Isabel Arriaga e Cunha, Bruxelas, in Jornal Público
Não há risco imediato de fornecimento aos países da União, mas em alguns já se nota uma quebra na pressão do gás
A União Europeia (UE) iniciou ontem uma missão de pressão sobre a Rússia e a Ucrânia para resolverem rapidamente a guerra do gás, embora sublinhando que o conflito não põe em risco, "no imediato", o aprovisionamento dos Vinte e Sete.
A nova "guerra do gás" constitui uma repetição do conflito de 2006, em que a Rússia interrompeu os fornecimentos à Ucrânia devido a uma disputa sobre os preços (ver texto ao lado), provocando fortes perturbações no aprovisionamento de vários países da UE em pleno Inverno.
Acima de tudo, os europeus continuam a recusar deixar-se arrastar para o que consideram um "conflito comercial bilateral", rejeitando dar à sua missão um rótulo de mediação e menos ainda de arbitragem, ao contrário do que Kiev e Moscovo parecem pretender. Isto, embora sabendo que, apesar de estarem agora mais protegidos do que em 2006 - nomeadamente graças ao aumento decretado desde então dos stocks obrigatórios de gás -, o aprovisionamento energético europeu poderá ser fortemente perturbado, se o conflito se eternizar. O problema está em que a Rússia fornece um quarto do gás consumido na UE, e que 80 por cento deste volume transita pela Ucrânia.

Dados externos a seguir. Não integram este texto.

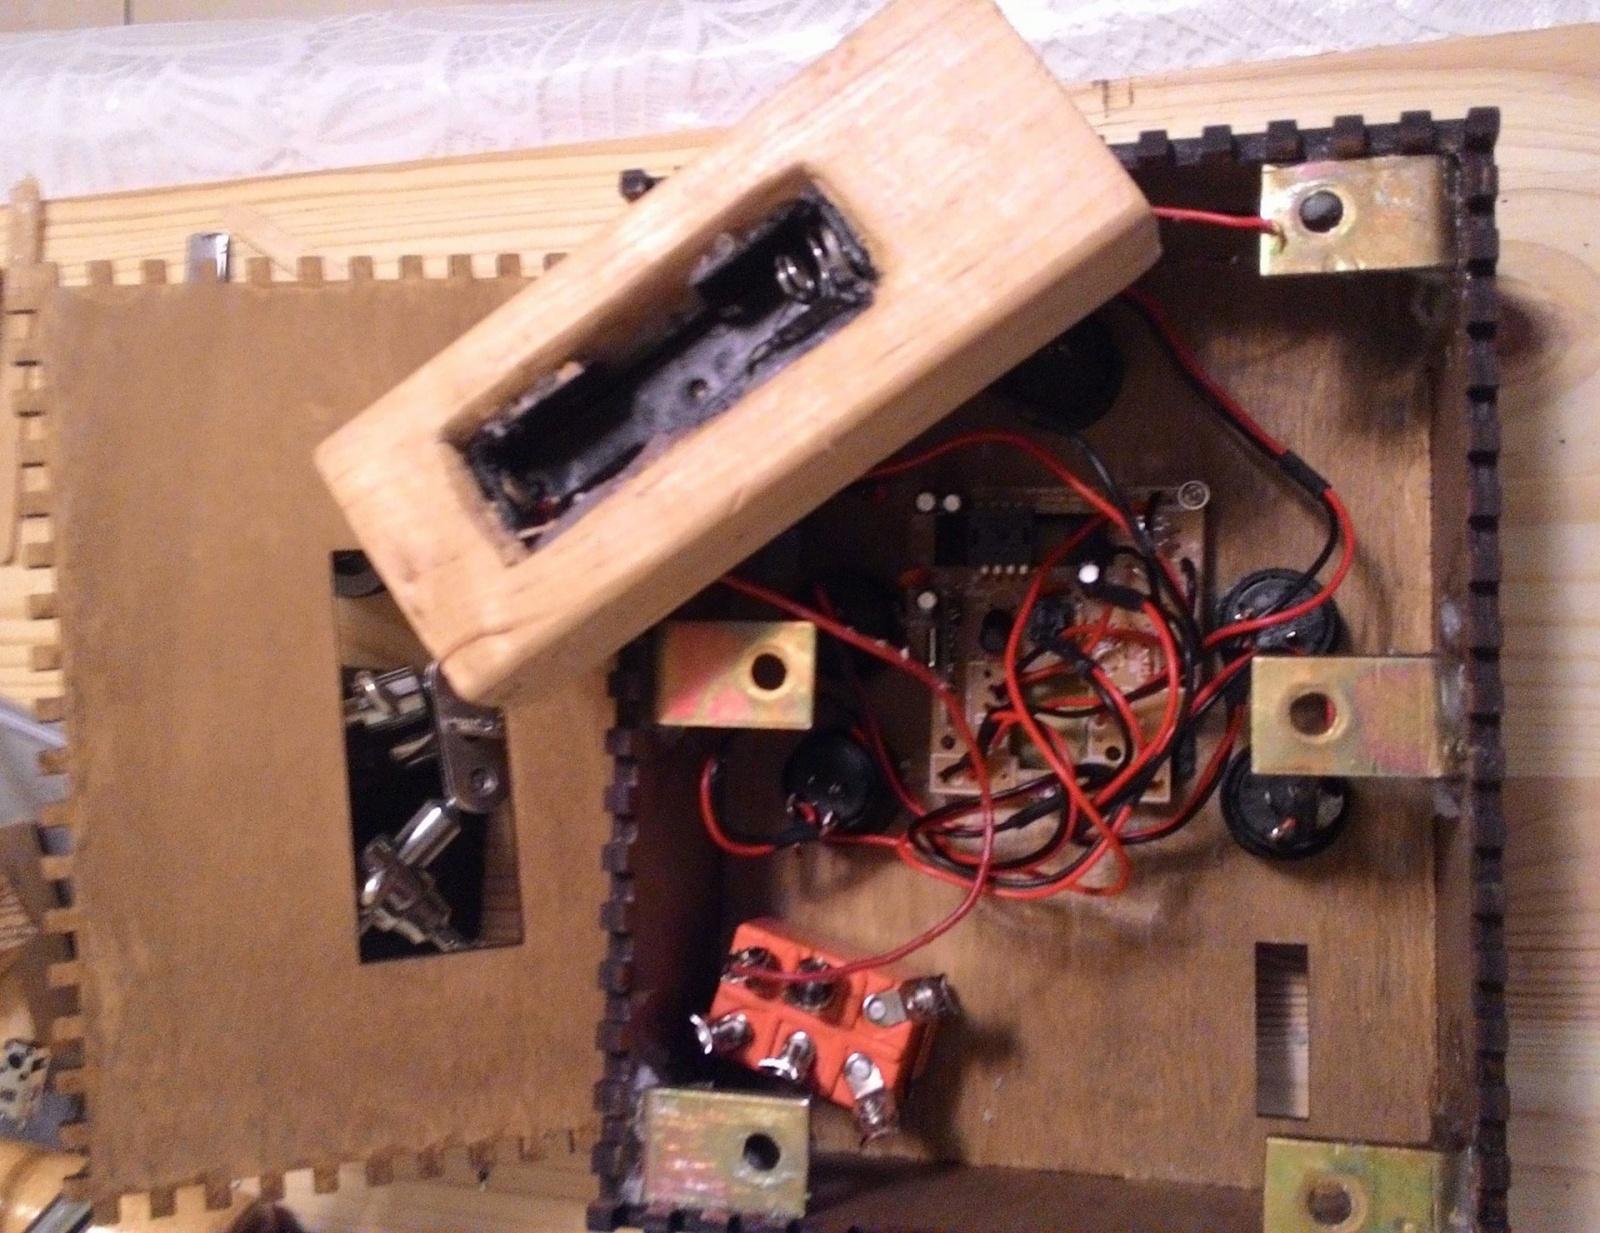 Извращенный подход к использованию мыши при создании тифлоплеера - 8

Vários países da UE - Eslováquia, República Checa, Roménia, Grécia, Polónia e Bulgária -, a par da Sérvia e Croácia, deram conta nos últimos dias de reduções significativas, nalguns casos até 20 por cento, da pressão do gás recebido através da Ucrânia, embora sem chegarem a considerar a situação preocupante.
A missão da UE, liderada pelo ministro checo do Comércio e Indústria, Martin Riman (cujo país preside à UE desde 1 de Janeiro), e pelo director-geral dos Transportes e Energia da Comissão Europeia, Matthias Ruete, arrancou ontem com uma série de contactos em Kiev. Para hoje está previsto um encontro com os responsáveis da Gazprom, o gigante estatal energético russo "numa capital europeia", segundo afirmou Ferran Tarradellas, porta-voz da Comissão para as questões energéticas. De acordo com o que afirmou ao PÚBLICO um responsável europeu, a escolha deverá incidir sobre Berlim.
Em paralelo, os embaixadores dos Vinte e Sete em Bruxelas reuniram-se ontem à tarde para analisar a situação e coordenar reacções na perspectiva de um encontro informal dos ministros dos Negócios Estrangeiros da UE previsto para quinta-feira, em Praga. Por seu lado, a Comissão convocou para sexta-feira um encontro de um comité especial de peritos energéticos nacionais encarregues de analisar os riscos de ruptura de aprovisionamento, para o qual a Gazprom e a companhia ucraniana de gás, Naftgaz, também foram convidadas. Igualmente sexta-feira, os embaixadores voltarão a reunir-se para novo ponto da situação.
Sem uma agenda precisa, a missão europeia ontem iniciada destina-se sobretudo a pressionar as duas partes a regressar às negociações e encontrar rapidamente uma saída para a crise.
Sem risco imediato
Bruxelas confirmou ontem a existência de "algumas irregularidades" no aprovisionamento de alguns países, embora sublinhando que "não se pode falar de perturbação substancial". Na Polónia, por exemplo, as dificuldades dos últimos dias têm sido ultrapassadas com um aumento do gás russo que transita pela Bielorrússia.
Segundo Tarradellas, "não há um risco imediato de perturbação no fornecimento de gás aos consumidores" privados ou industriais na UE. Isto, porque o nível dos stocks europeus permanece elevado - "entre 70 e 90 por cento" dos níveis obrigatórios a três meses, afirmou. Bruxelas reconhece, no entanto, que "a situação muda muito rapidamente". A forte descida das temperaturas registada nos últimos dias na Europa Central e do Norte está já, aliás, a provocar um aumento do consumo de gás para aquecimento.
Praticamente todos os países da UE consomem gás russo, mas cinco estão numa situação particularmente vulnerável: na República Checa, Eslováquia, Grécia, Hungria e Bulgária o gás russo representa 75 por cento do consumo.
Cerca de 25 por cento do gás consumido na União Europeia é fornecido pela Rússia e, em grande parte, passa na Ucrânia.